Source data
====
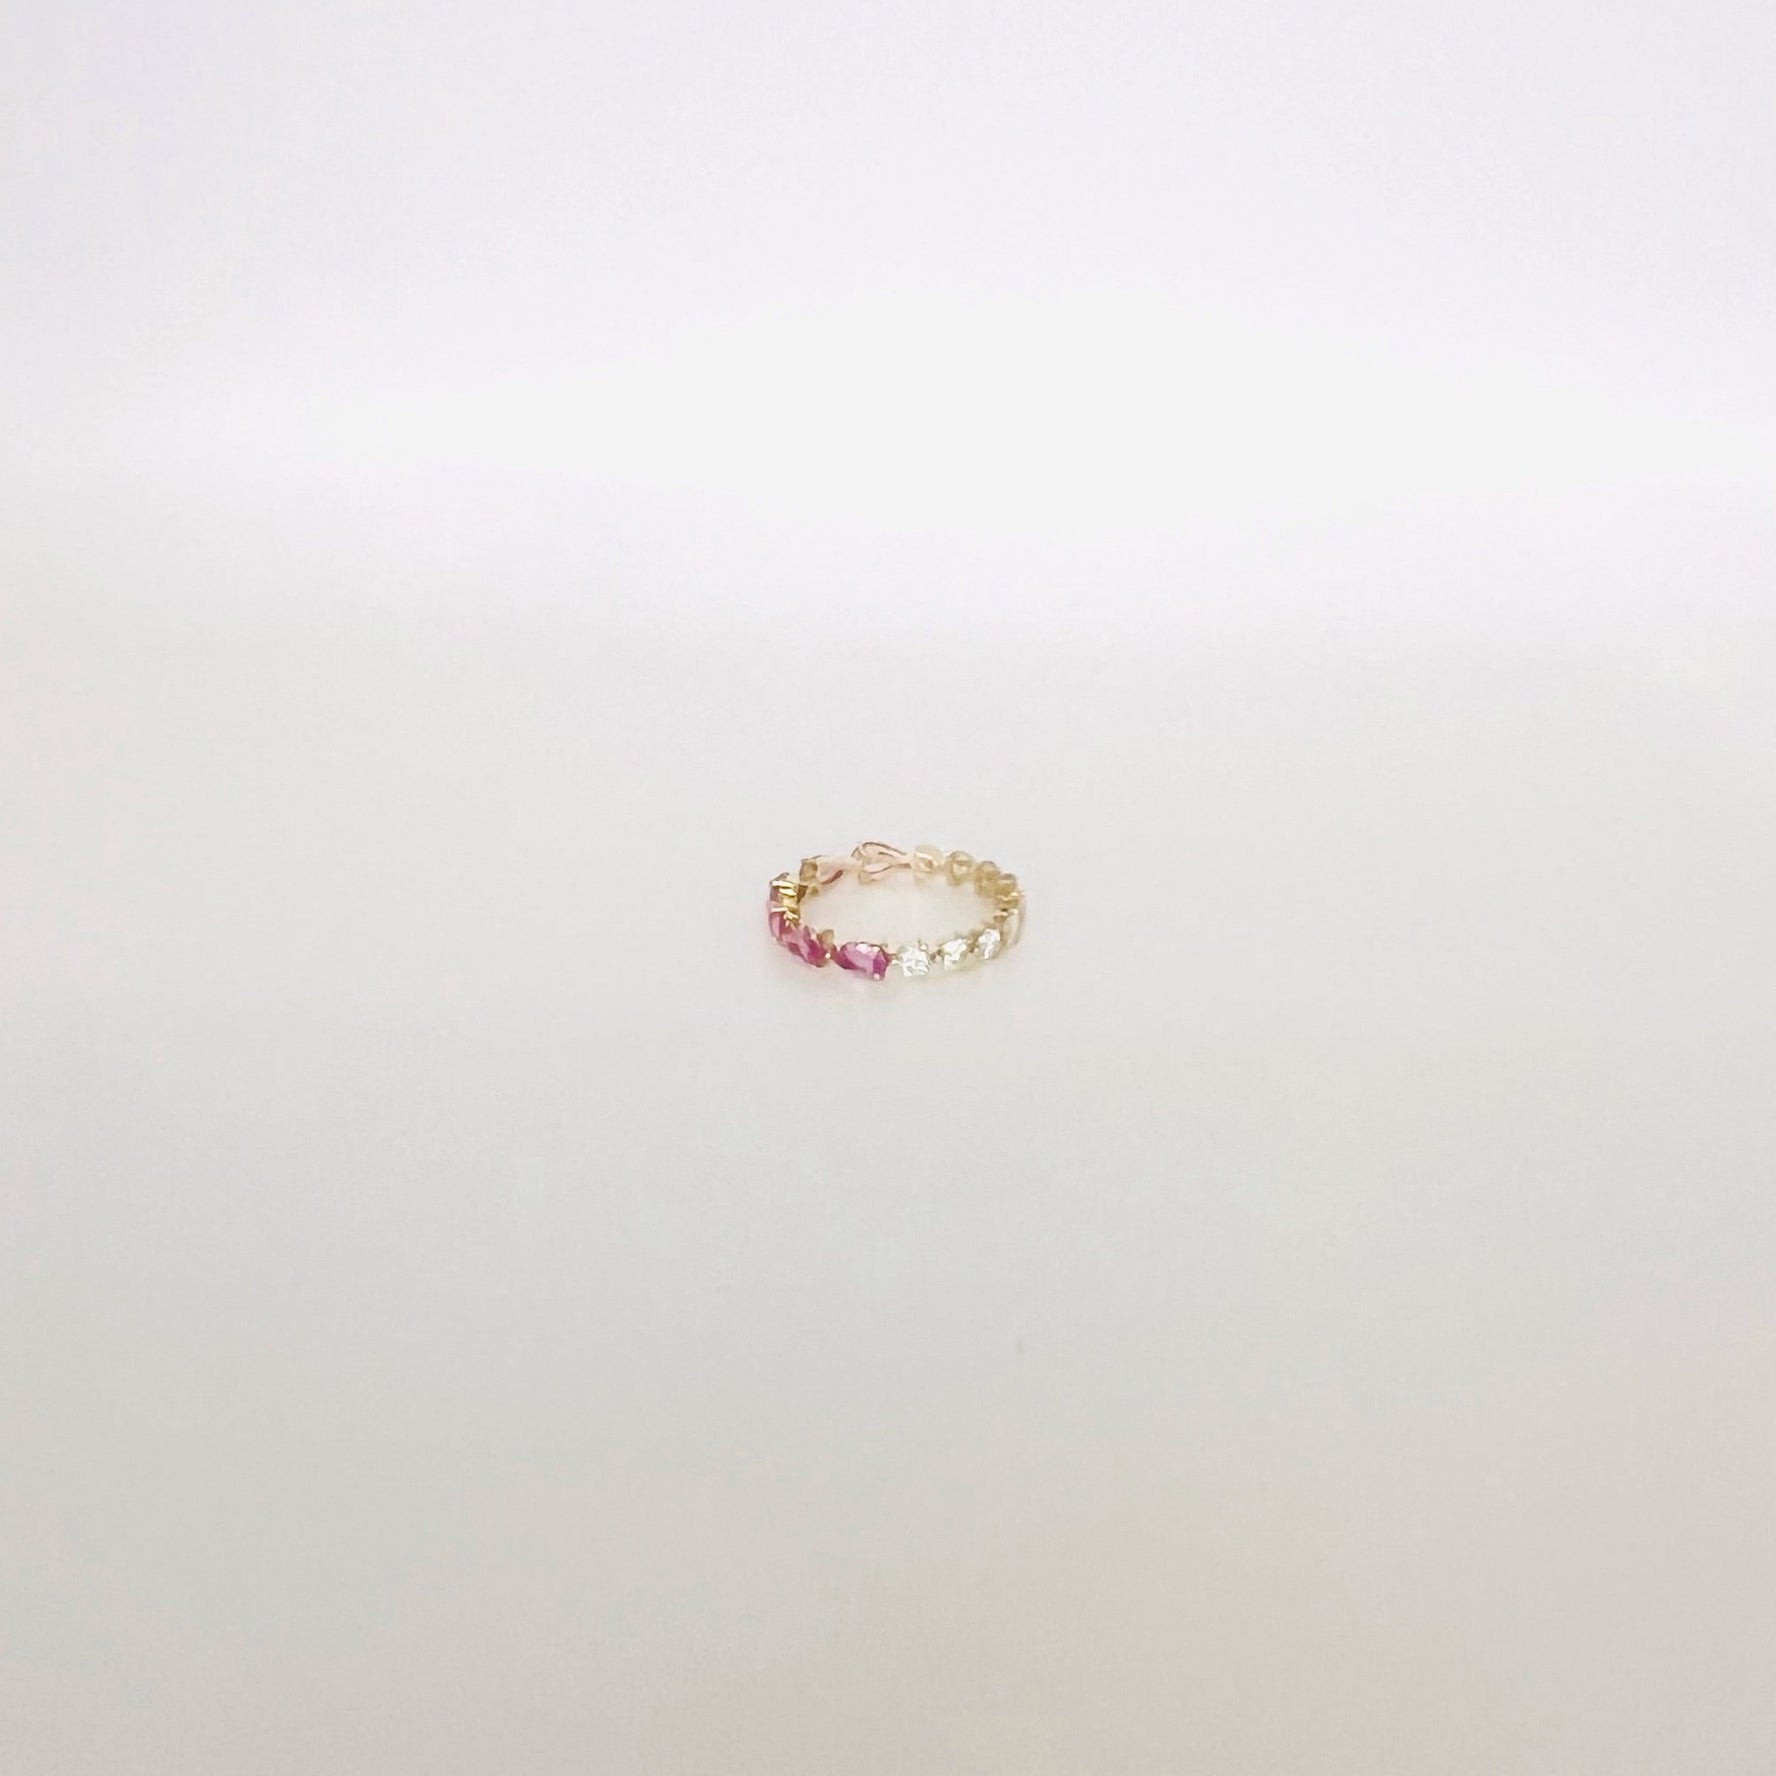 14k gold diamond and pink sapphire ring
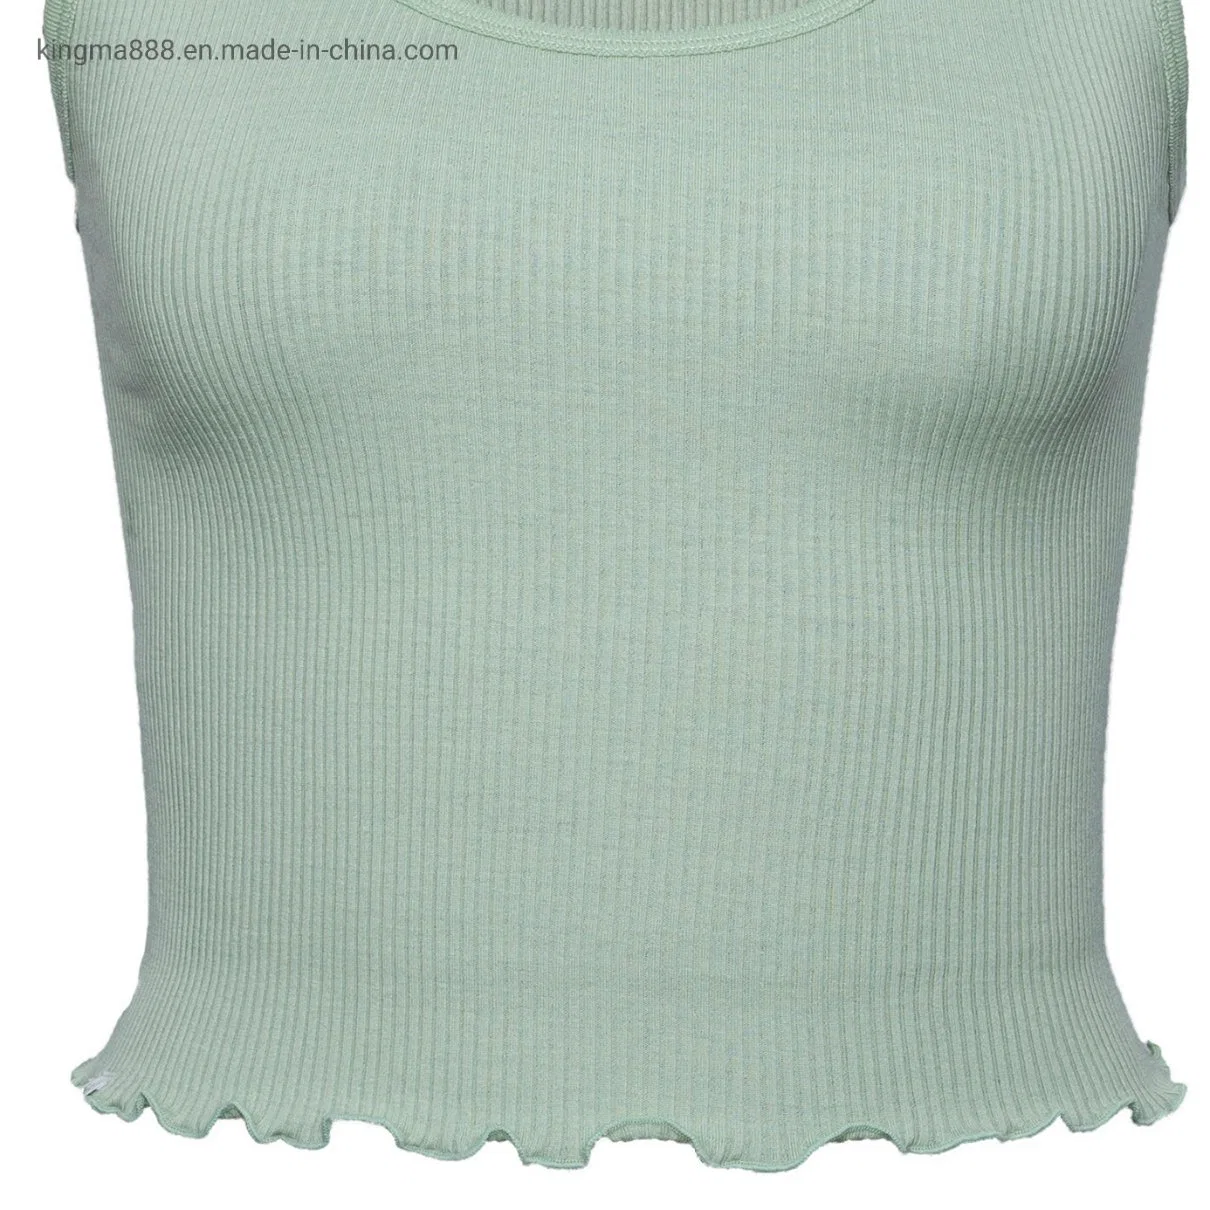 European and American Style Solid Short Sleeveless Women Sexy Top Shirt
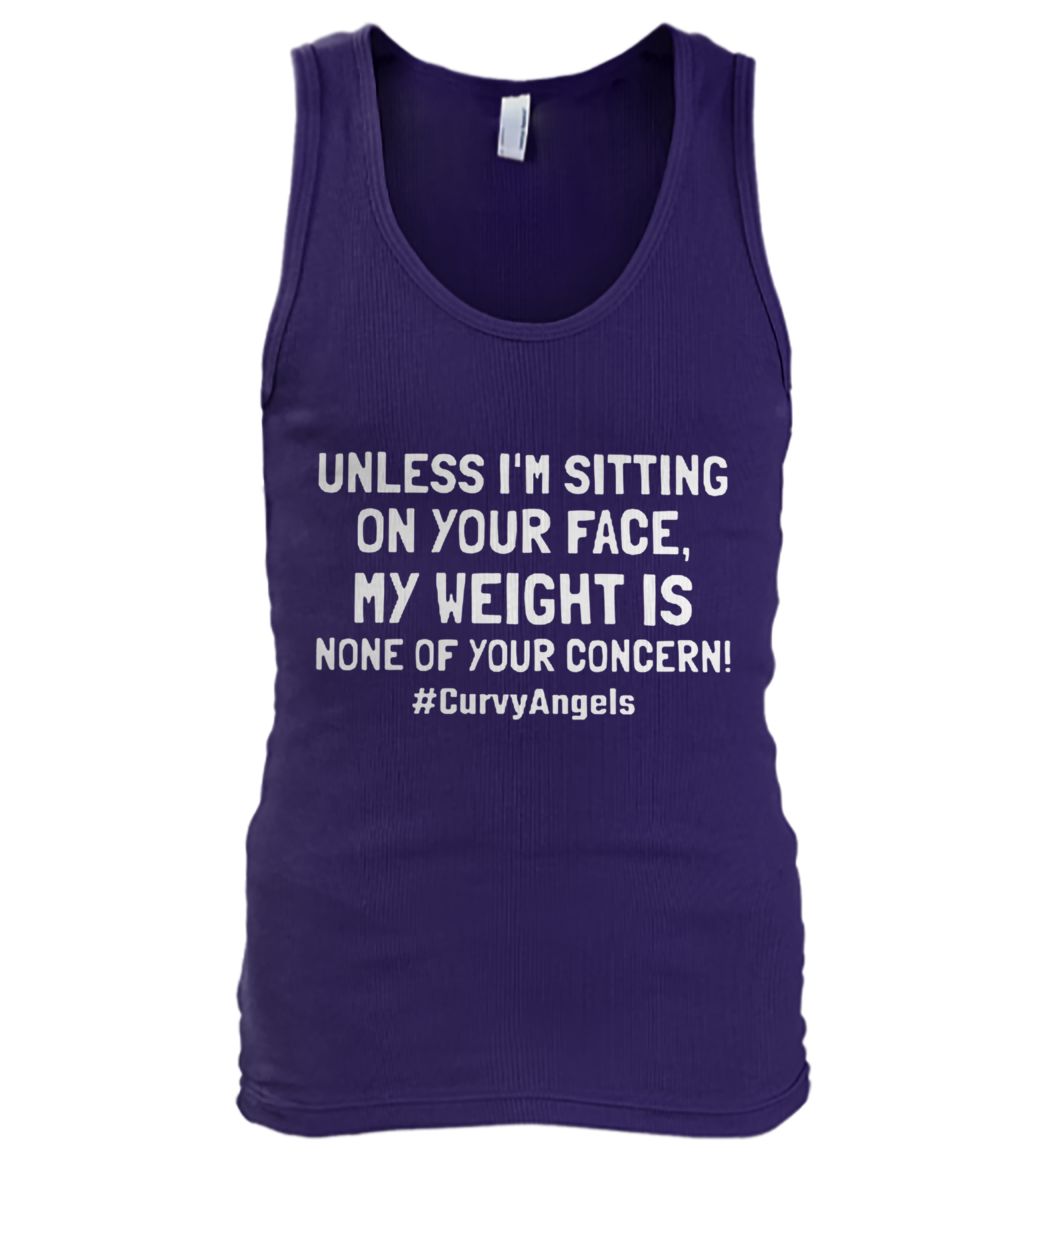 Unless I'm sitting on your face my weight is none of your concern men's tank top
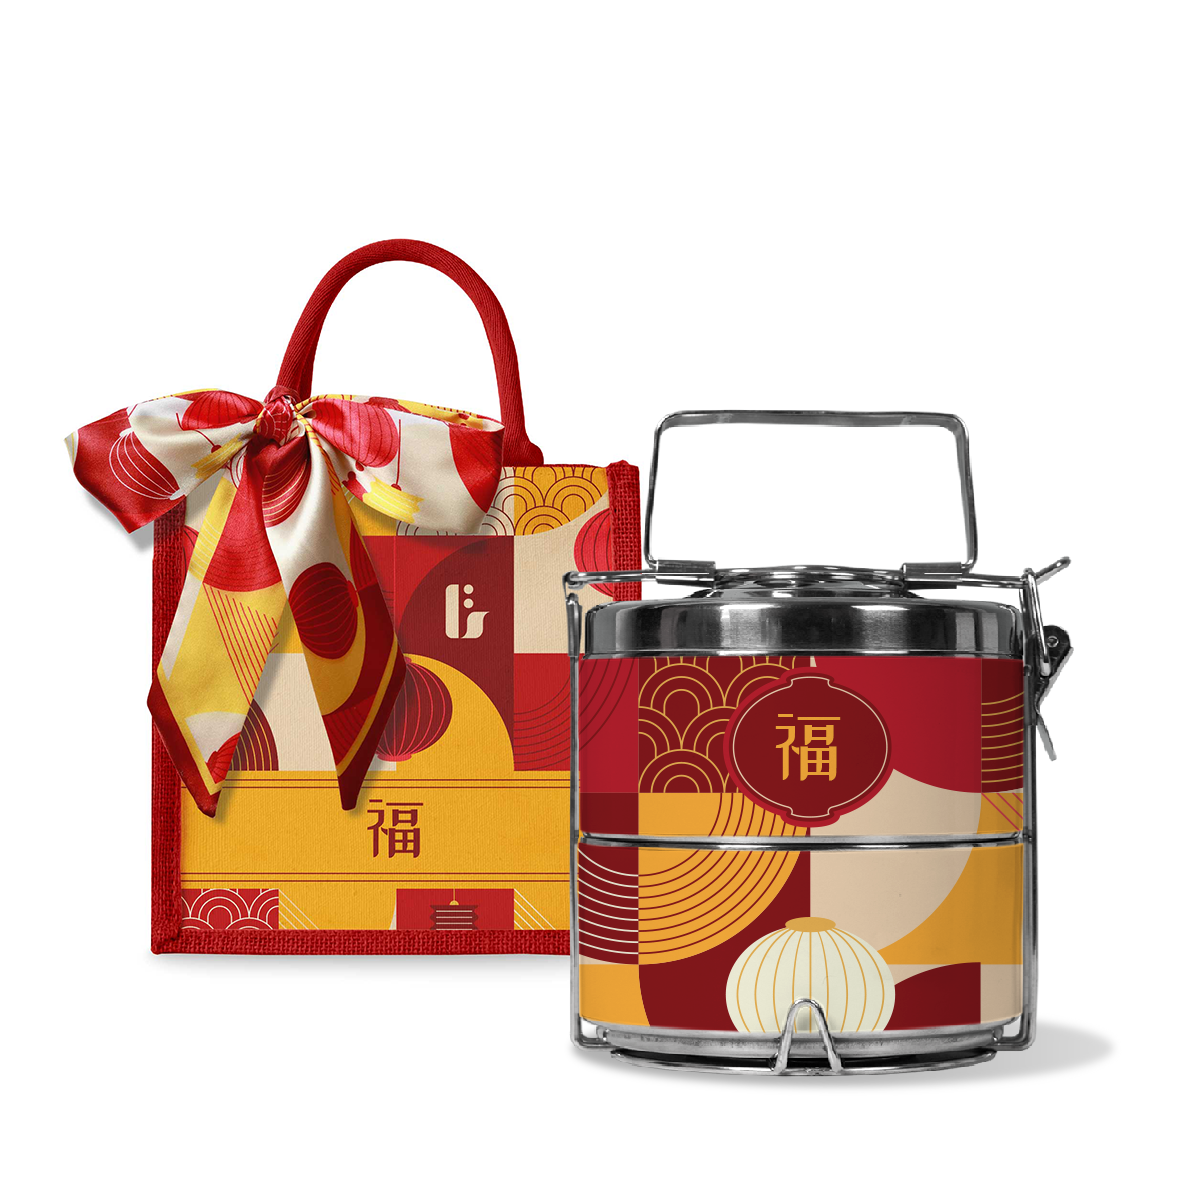 Lunar Blessing (Red Design) - Lunch Tote Bag with Two-Tier Tiffin Carrier
====
Task item
Exactly those lines that run from the line holding "Unless I'm sitting" to the end of the listing above, both included, are to be reproduced, with pictures left out.

Task solution
 Unless I'm sitting on your face my weight is none of your concern men's tank top
 Lunar Blessing (Red Design) - Lunch Tote Bag with Two-Tier Tiffin Carrier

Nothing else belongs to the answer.